# Bridge Footer Construction



## Perkinscl (May 10, 2014)

I'm building (2) 14-16' bridges on a local township trail. I had the local township building inspector look at my plans, he approved them. Double 2x12 stringers with 2x6 decking and a 2x4 curb on each side. Not quite high enough for handrails.

My questions is about the footers. It only needs footers on each end. I spec'ed out 2x12 pressure treated pine #2 for the sill (the stingers to sit on at each end.

Is this sufficient? I've gotten different opinions from different people ranging from Gabion baskets (metal basket filled with rocks) to helical pilings.

FWIW, this is over top of a little more than a trickle of water that feeds a nearby creek. I don't suspect it will get high enough to wash away. Any insight about these footers?


----------



## leeboh (Aug 5, 2011)

Lots of ways to go. Couple of cement 3 hole blocks set into the dirt some would work. We usually use 6x6 pressure treated to set the stringers on. Some flat patio pavers would work as well. You going to have a 12-18" high boardwalk off the ground to bike over? End ramp?


----------



## Perkinscl (May 10, 2014)

Thanks. Do you mean you set the 6x6 lengthwise on the ground? If so, do you put any crusher run underneath and or use a stake or similar to keep it from shifting? I also wonder what the life of a PT 6x6 is with full soil contact.

Hopefully no ramps, I plan on putting the sill beneath grade.

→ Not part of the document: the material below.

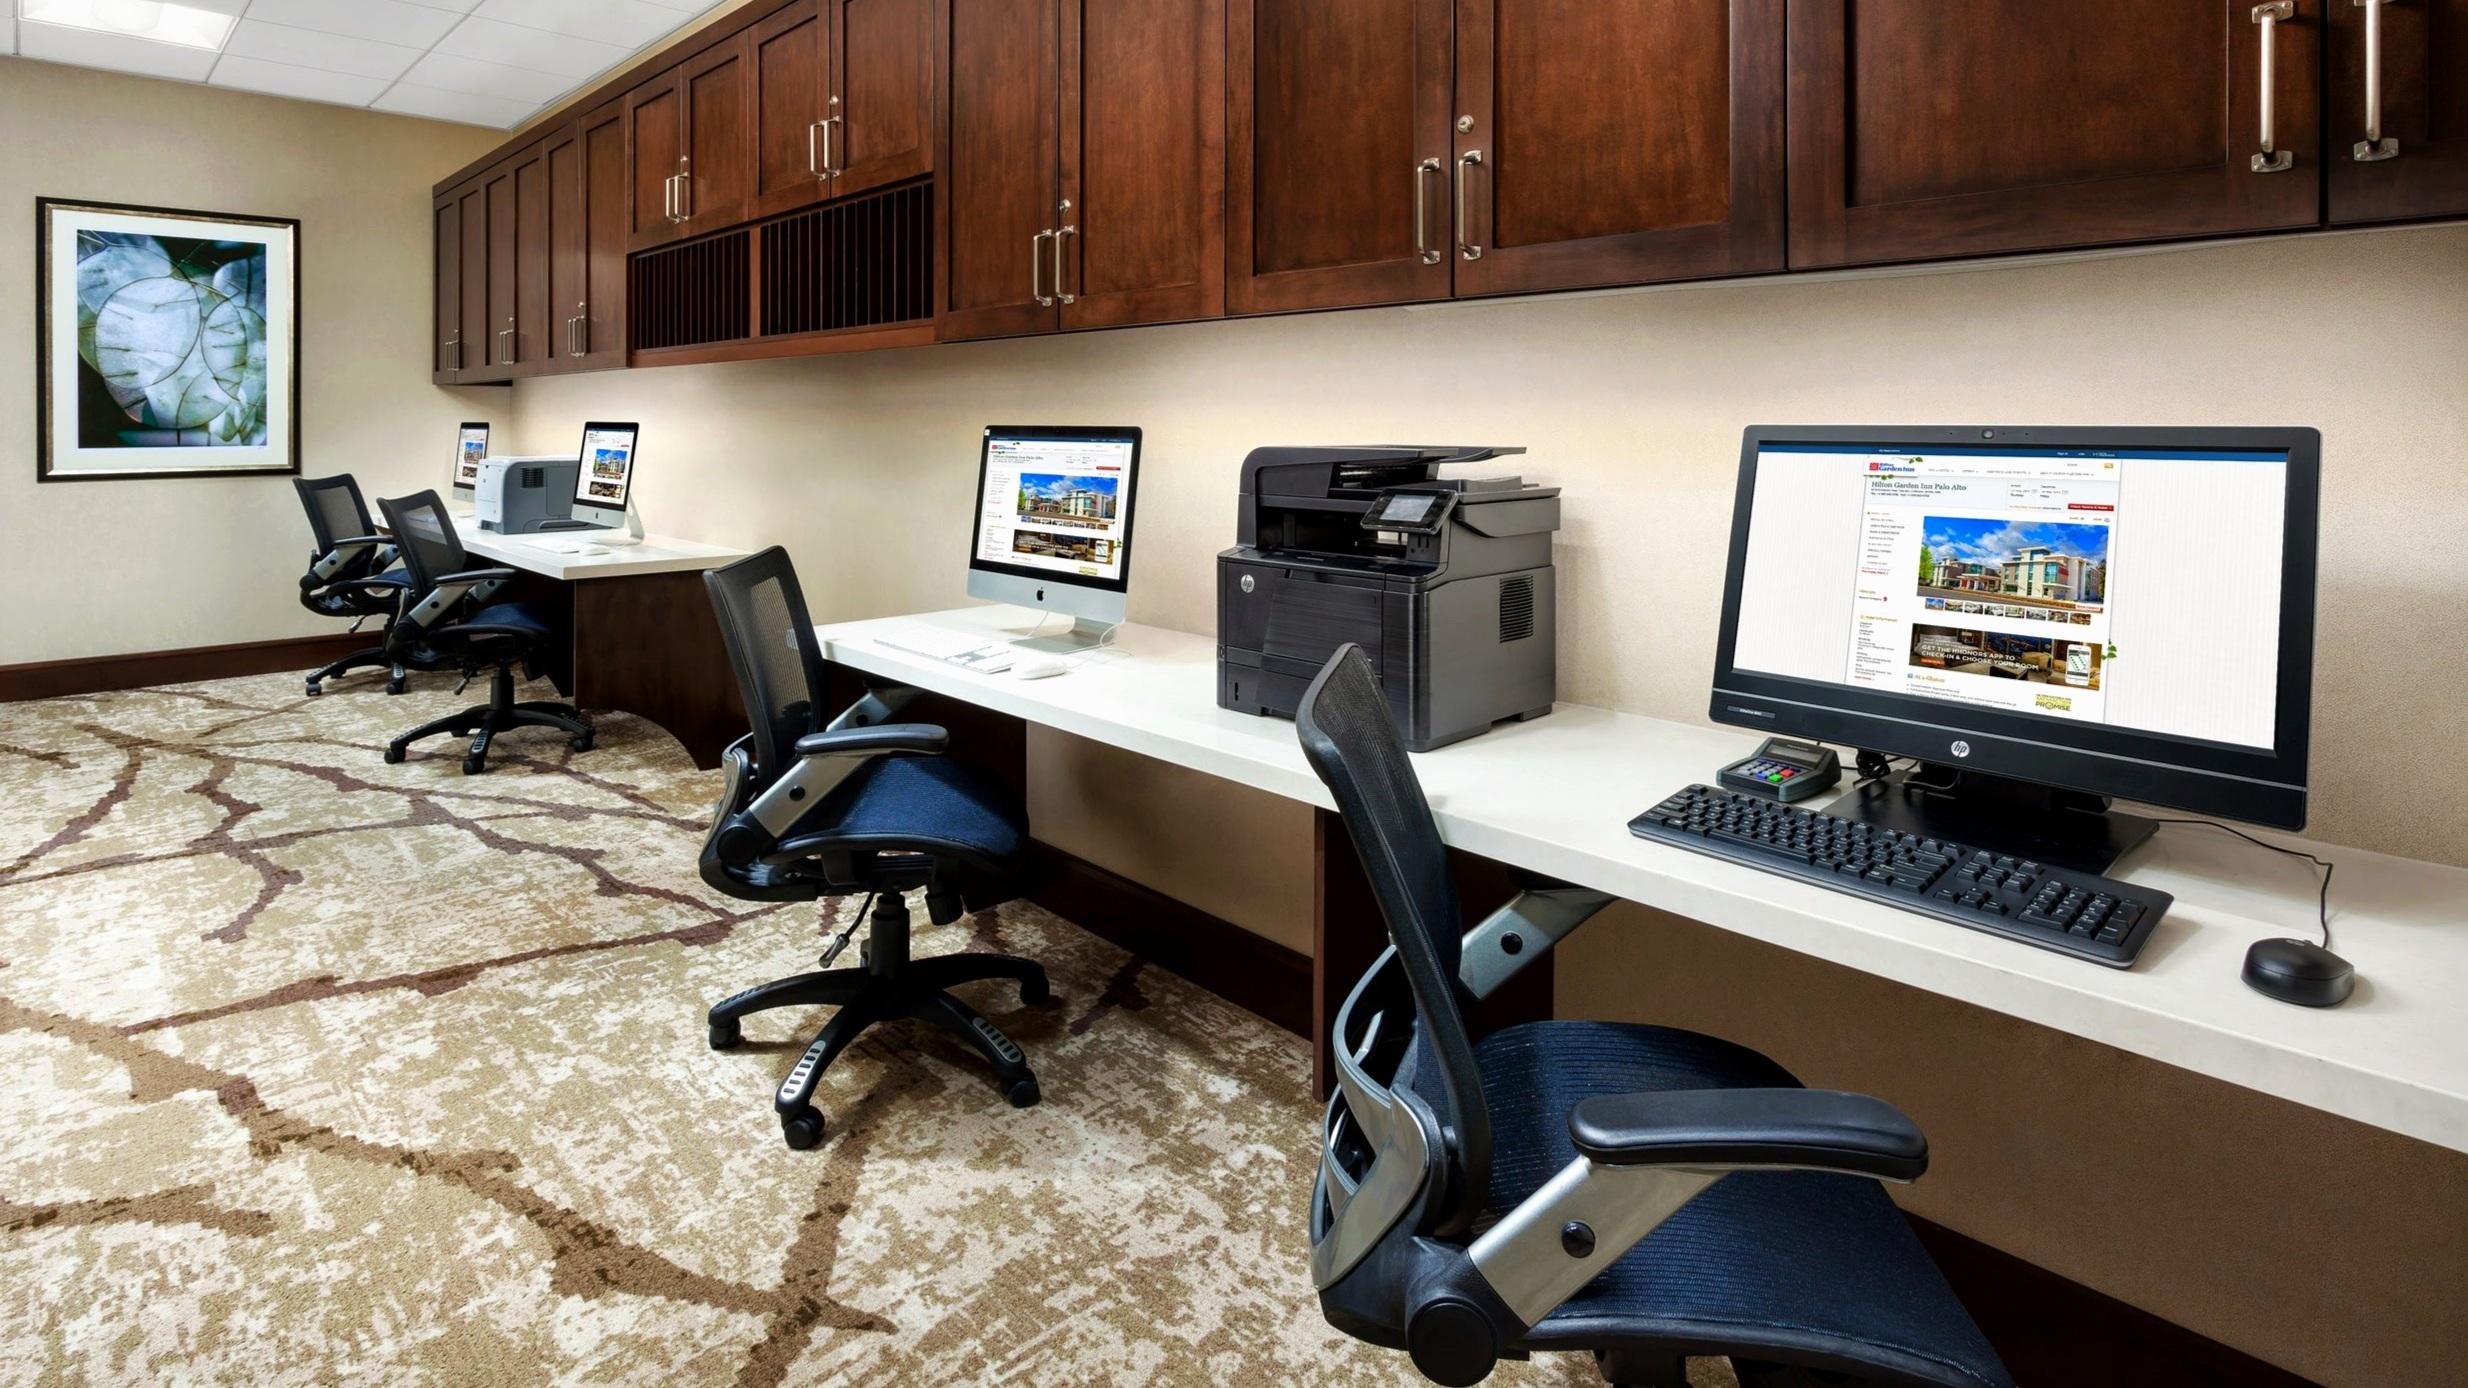 Business Center at Hilton Garden Inn, Palo Alto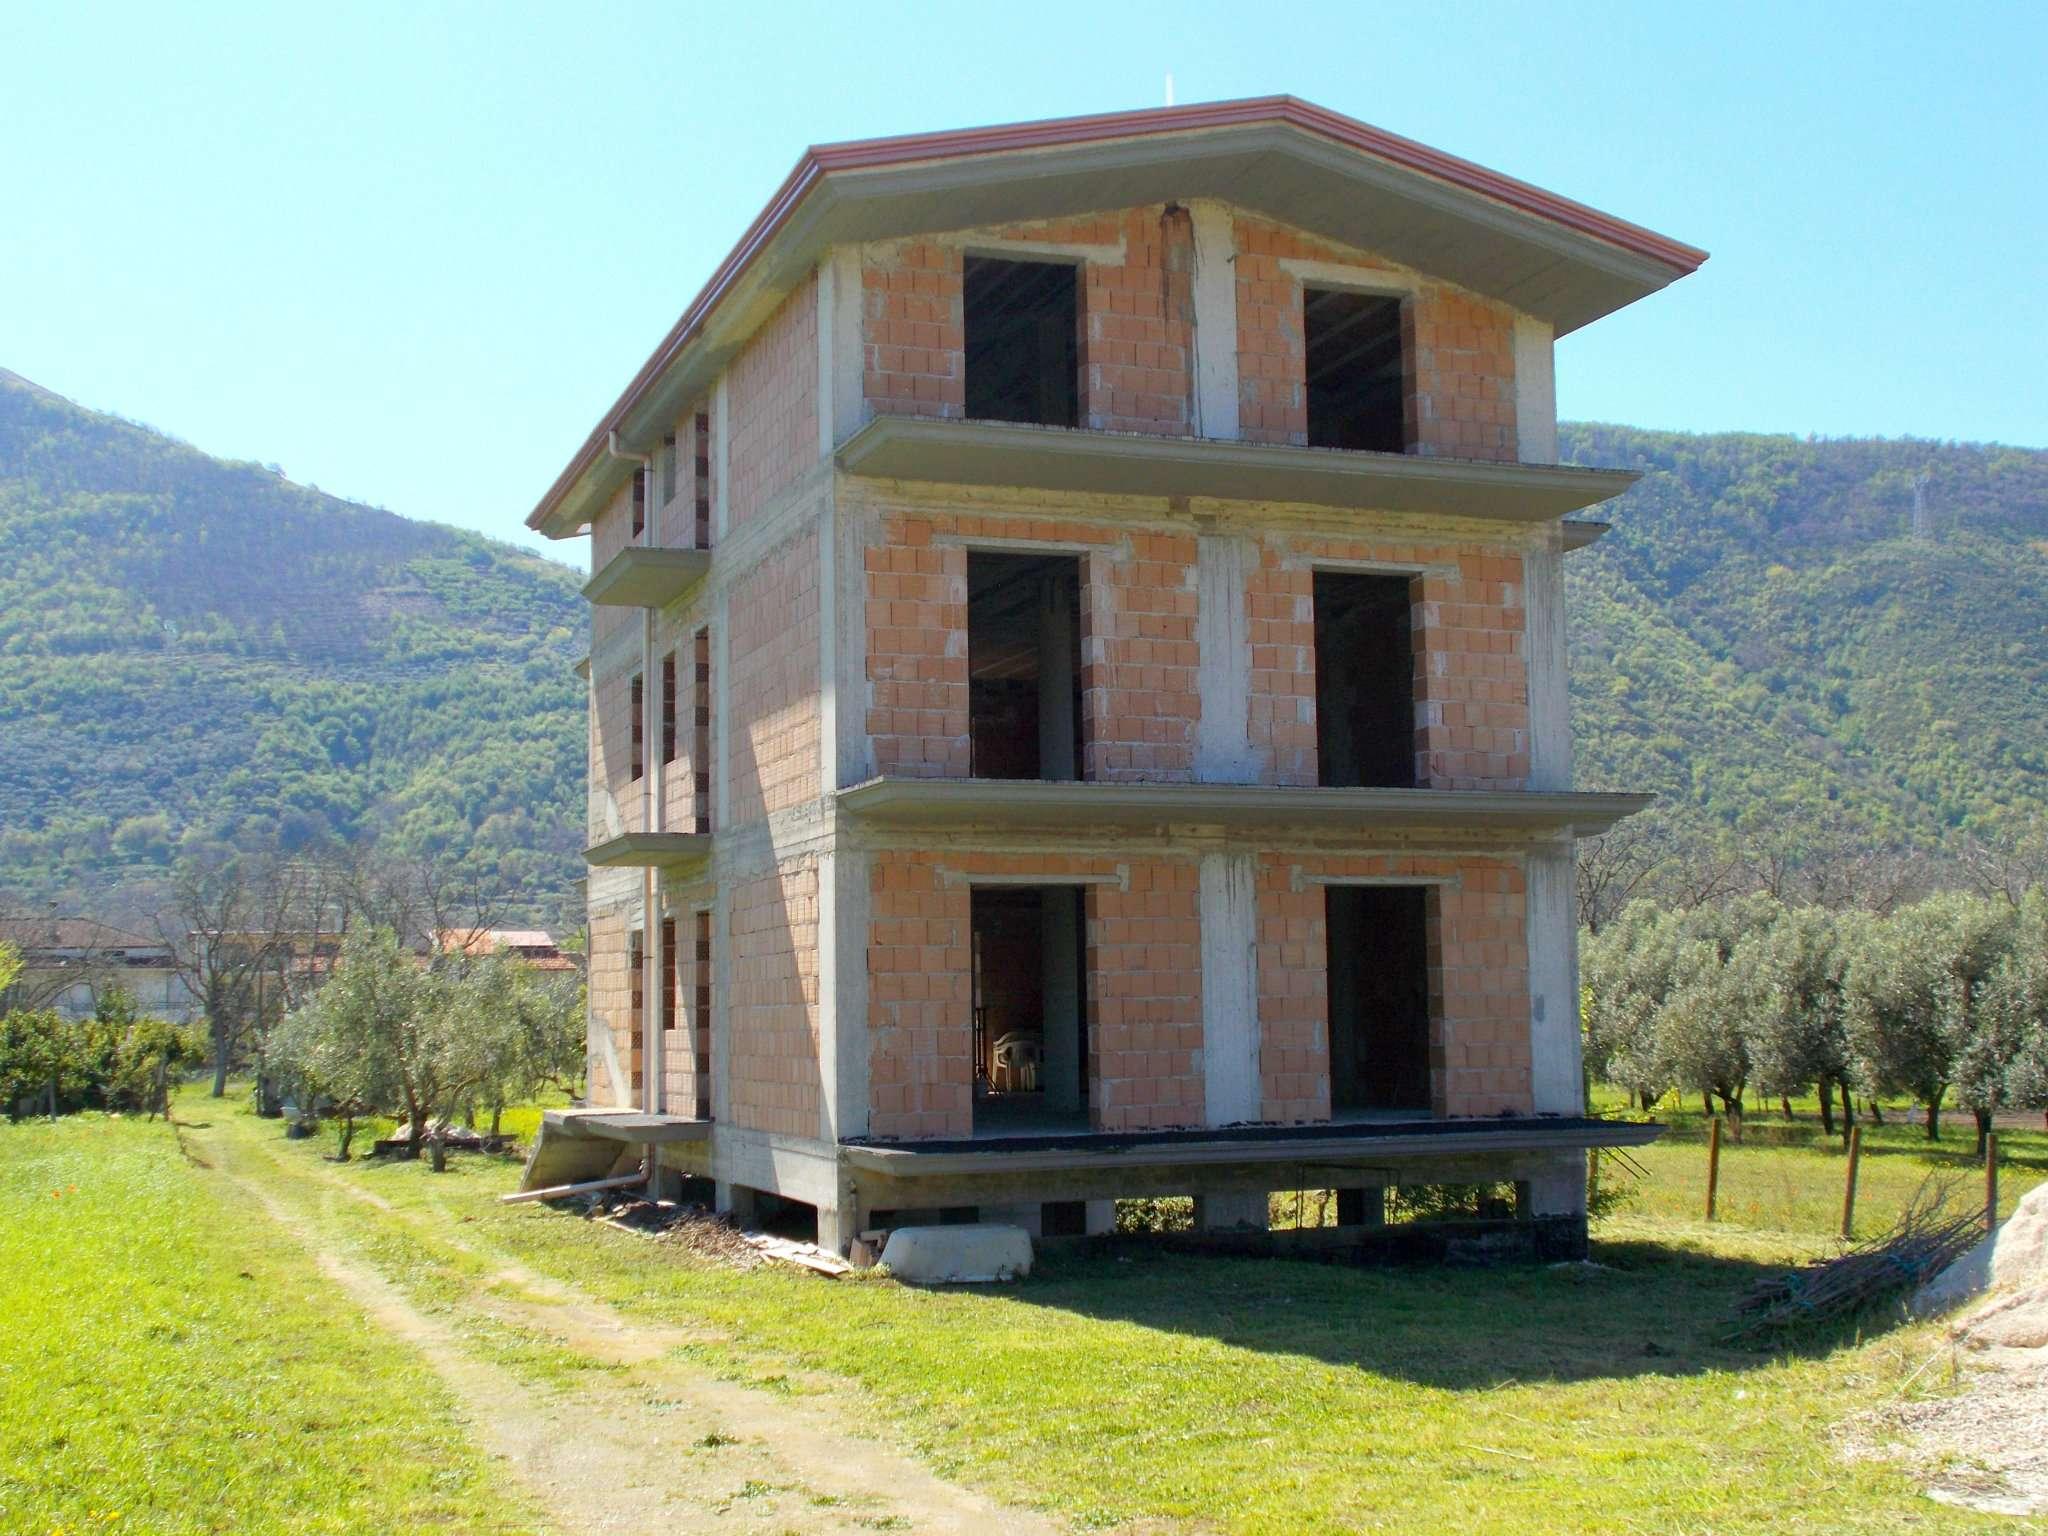 Rustico / Casale in vendita a San Felice a Cancello, 9999 locali, prezzo € 140.000 | CambioCasa.it

Might need to make a dirt ramp or transition. 

Sent from my XT1585 using Tapatalk


----------



## JustMtnB44 (Nov 8, 2004)

I build wooden piers out of 6x6 and 4x6 PT lumber. I put a 6x6s slightly longer than the overall width of the bridge under the stringers, and then fill in the gap between the stringers with 4x6's to make a retaining wall I can fill dirt against. I use large 3/8" spike nails to hold it all together, including some through the stringers at an angle in to the pier. This ends up getting buried on one side but the side under the bridge is still exposed to air. The oldest bridge in the park that I steward that used this technique was 10 years old when replaced due to insufficient stringers (PT 4x4 with a 16' span :madman but the 6x6 footers were still solid. 

The bridge in the pictures was installed in January 2016. It is a 16' span made with doubled PT 2x10's, bolted together. We did another bridge that was 16' with doubled PT 2x12's and felt the 2x12's were a bit overkill, especially if you have to carry them 1/2 mile into the woods. Most recently we just finished another bridge that is a 20' span using 3 pairs of doubled 2x12's as stringers, it's also a bit wider and has railings because it is nearly 10' high in the center.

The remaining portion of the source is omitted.